De CO2-uitstoot bij de productie van elektriciteit, fossiele brandstoffen of hernieuwbare brandstoffen («well-to-tank»- emissies) wordt, voor zover deze plaatsvindt op Nederlands grondgebied, in de PBL-analyse van het ontwerpKlimaatakkoord toegerekend aan de sector elektriciteit. Dit is een logische benadering om dubbeltelling van CO2-uitstoot te voorkomen. Om die reden richt ook het CARbontax-model zich op de veranderingen in de omvang en samenstelling van het personenautopark in Nederland en leidt daar de TTW-CO2-emissies uit af.
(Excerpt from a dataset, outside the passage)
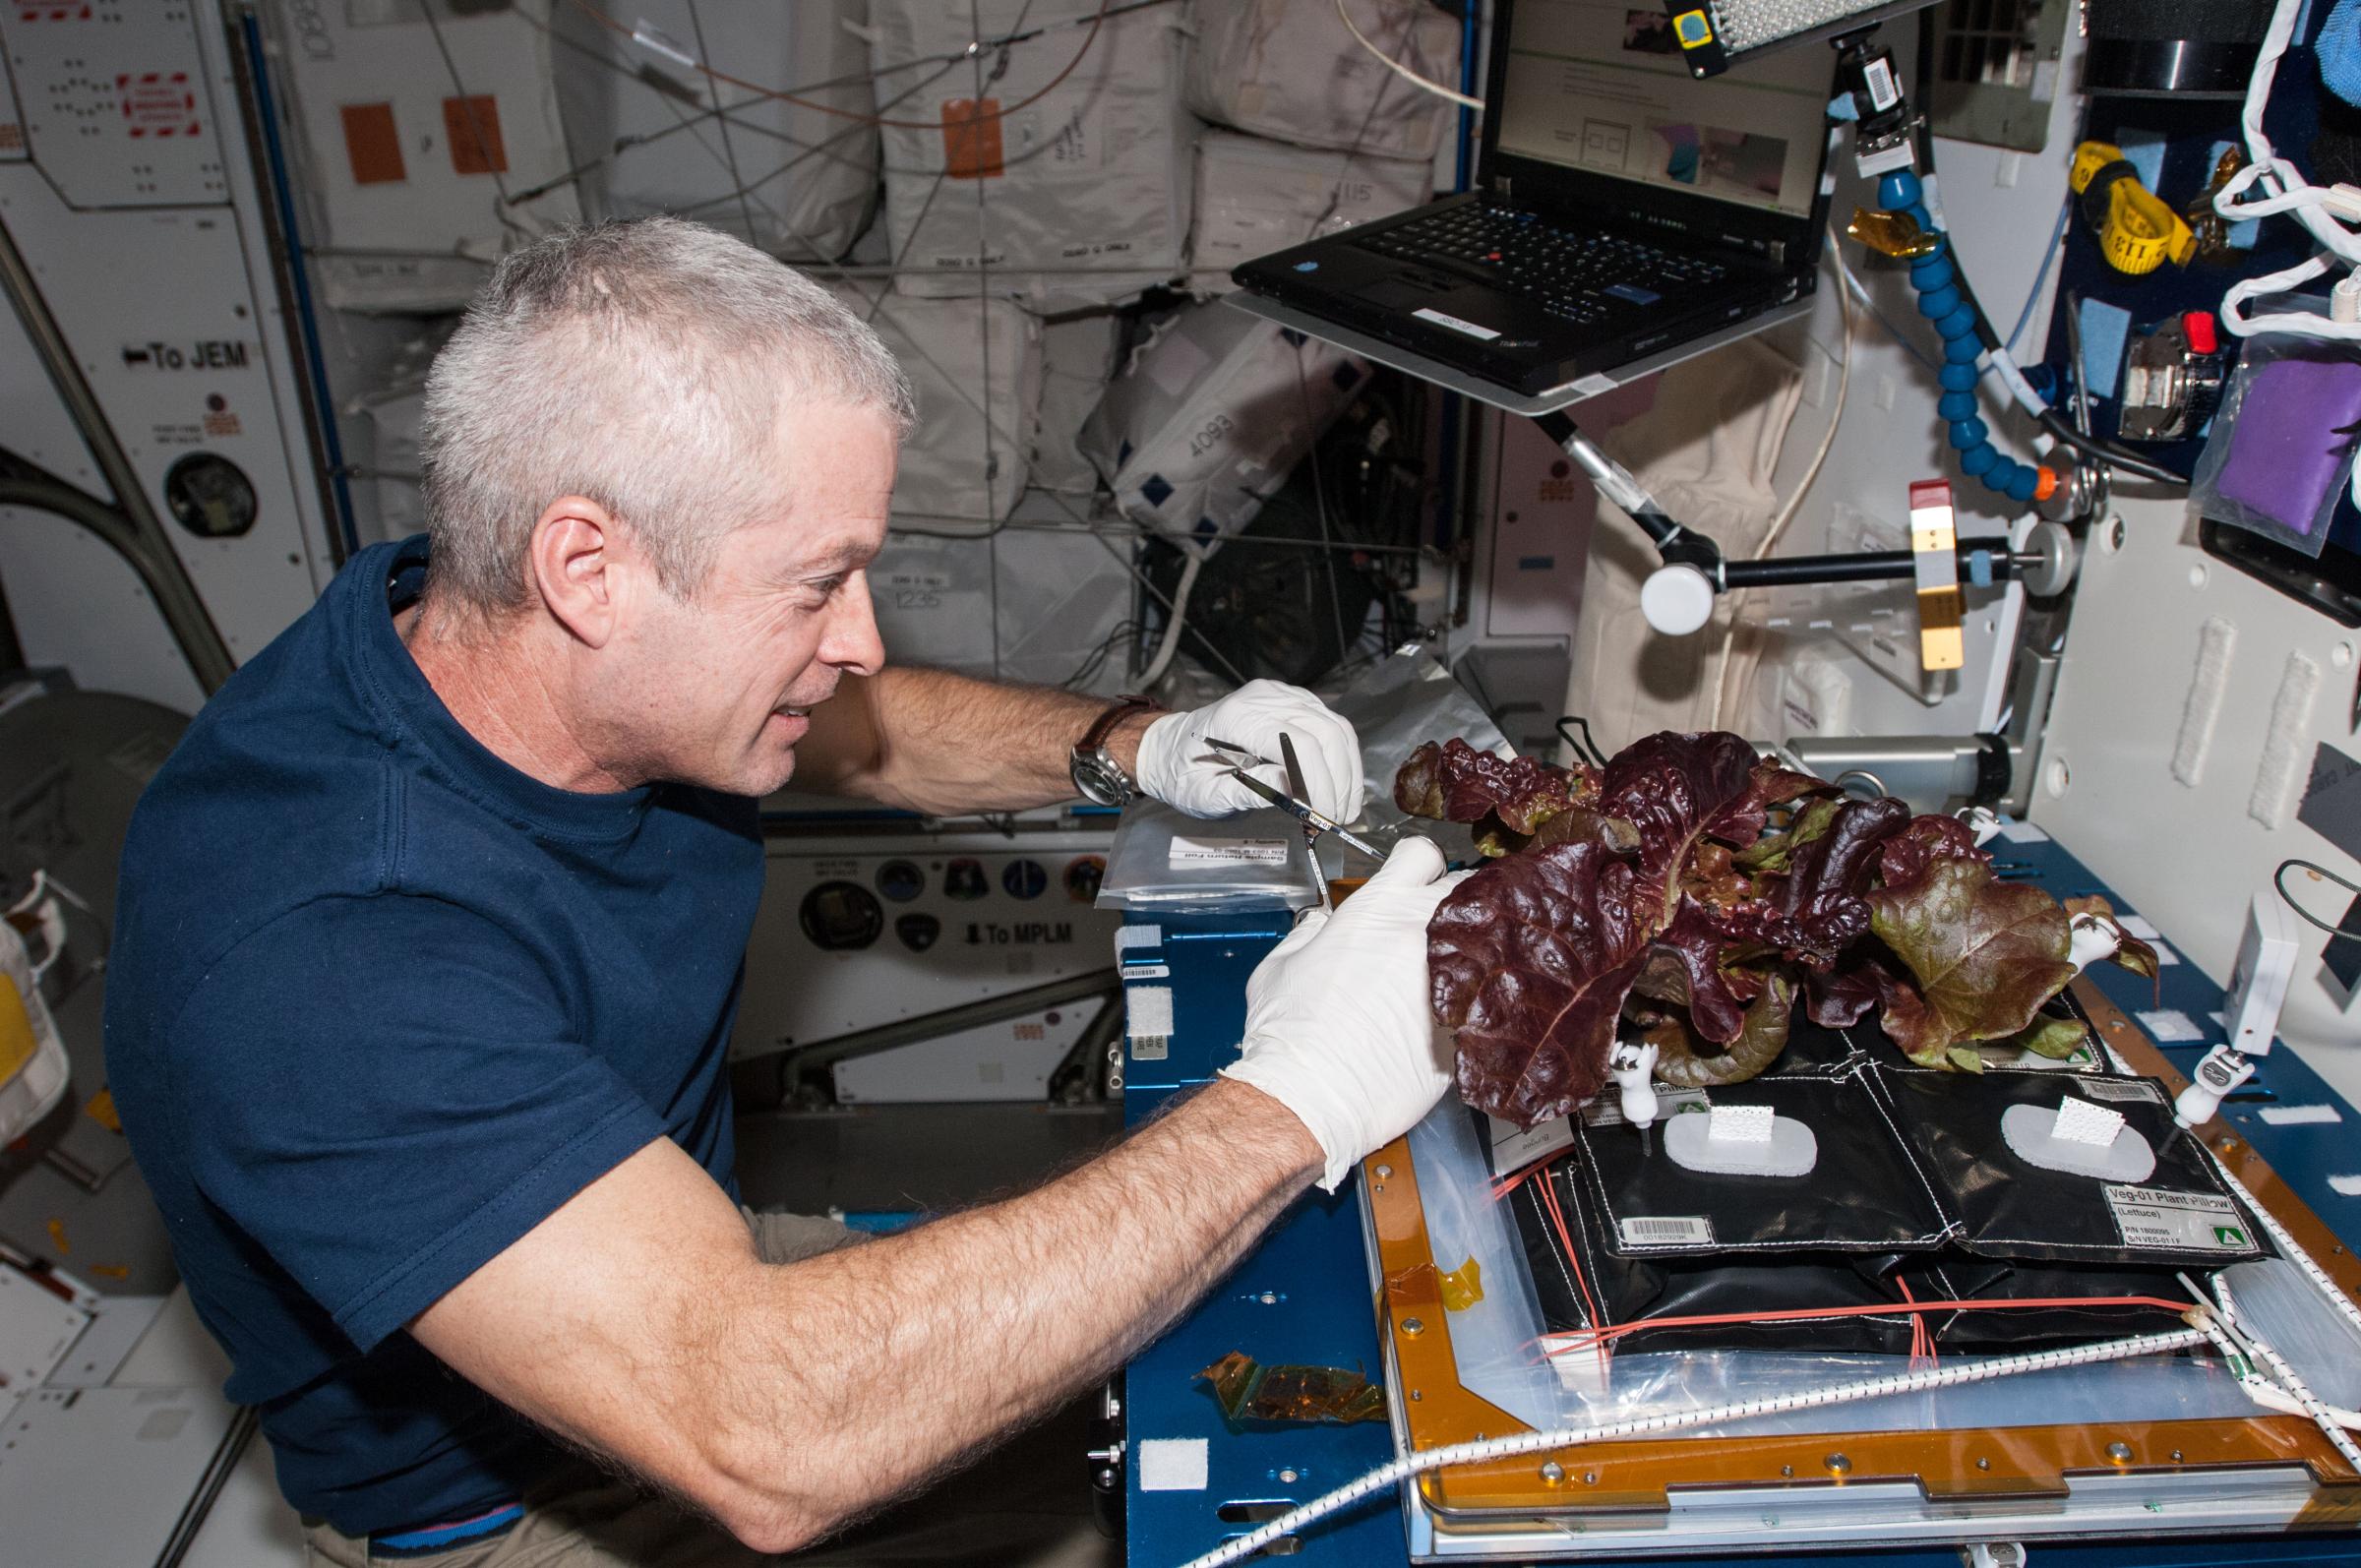 In the International Space Station's Harmony node, NASA astronaut Steve Swanson harvests a crop of red romaine lettuce plants that were grown from seed inside the station's Veggie facility,

Deze benadering is conform de richtlijn van het Intergovernmental Panel on Climate Change (hierna: IPCC) waarin wordt voorgeschreven dat in de mobiliteitssector alleen de «directe» (oftewel TTW) emissies van de voertuigen wordt gerapporteerd en geraamd. De emissies voor de productie van brandstof, auto en elektriciteit vallen onder de sectoren industrie en elektriciteit, voor zover deze plaatsvinden op Nederlands grondgebied.
Is er op enig moment overgestapt op de «tank-to-wheel»-benadering voor elektrisch rijden in combinatie met de fictie dat elektrische auto’s (bijna) altijd op groene stroom rijden? Kunt u toelichten wanneer en waarom dat is gebeurd?
Er is geen sprake geweest van een dergelijk verzoek of een overstap van WTW naar TTW. Bij de doorrekening van een integraal pakket zoals de Nationale Energie Verkenning (hierna: NEV) of het ontwerpKlimaatakkoord wordt de CO2-uitstoot van de extra elektriciteitsvraag voor elektrische auto’s meegenomen bij de sector elektriciteit. Dit is de meest logische rekenmethode en is tevens in lijn met de richtlijn van het IPCC. Zie ook antwoord op vraag 9.
Kunt u aangeven, indien is overgestapt op de TTW-benadering, wie dat besluit dan genomen heeft? Indien overgestapt is, op welk moment is het door PBL gebruikte model aangepast?
Zie antwoord vraag 10.
Kunt u aangeven of de mobiliteitstafel (of iemand anders) op enig moment het PBL gevraagd heeft om over te stappen op de TTW-benadering (die de CO2-uitstoot van het opwekken van elektrische auto’s niet meeneemt in de berekeningen en dus ervan uitgaat dat de elektrische auto’s rijden op de wind)?
Zie antwoord vraag 10.
Bent u bekend met het TNO-rapport «TNO 2015 R10386 Energie- en milieuaspecten van elektrische personenvoertuigen», dat een vergelijking uitvoert tussen elektrische auto’s en conventionele auto’s en dat doet op basis van de hele energieketen en ook op basis van de materiaallevenscyclus?4
Ja.
Deelt u de mening dat een vergelijken op basis van de hele energieketen en eigenlijk op basis aan de hele materiaallevenscyclus de enige juiste is? Zo nee, wilt u uw antwoord dan uitgebreid motiveren?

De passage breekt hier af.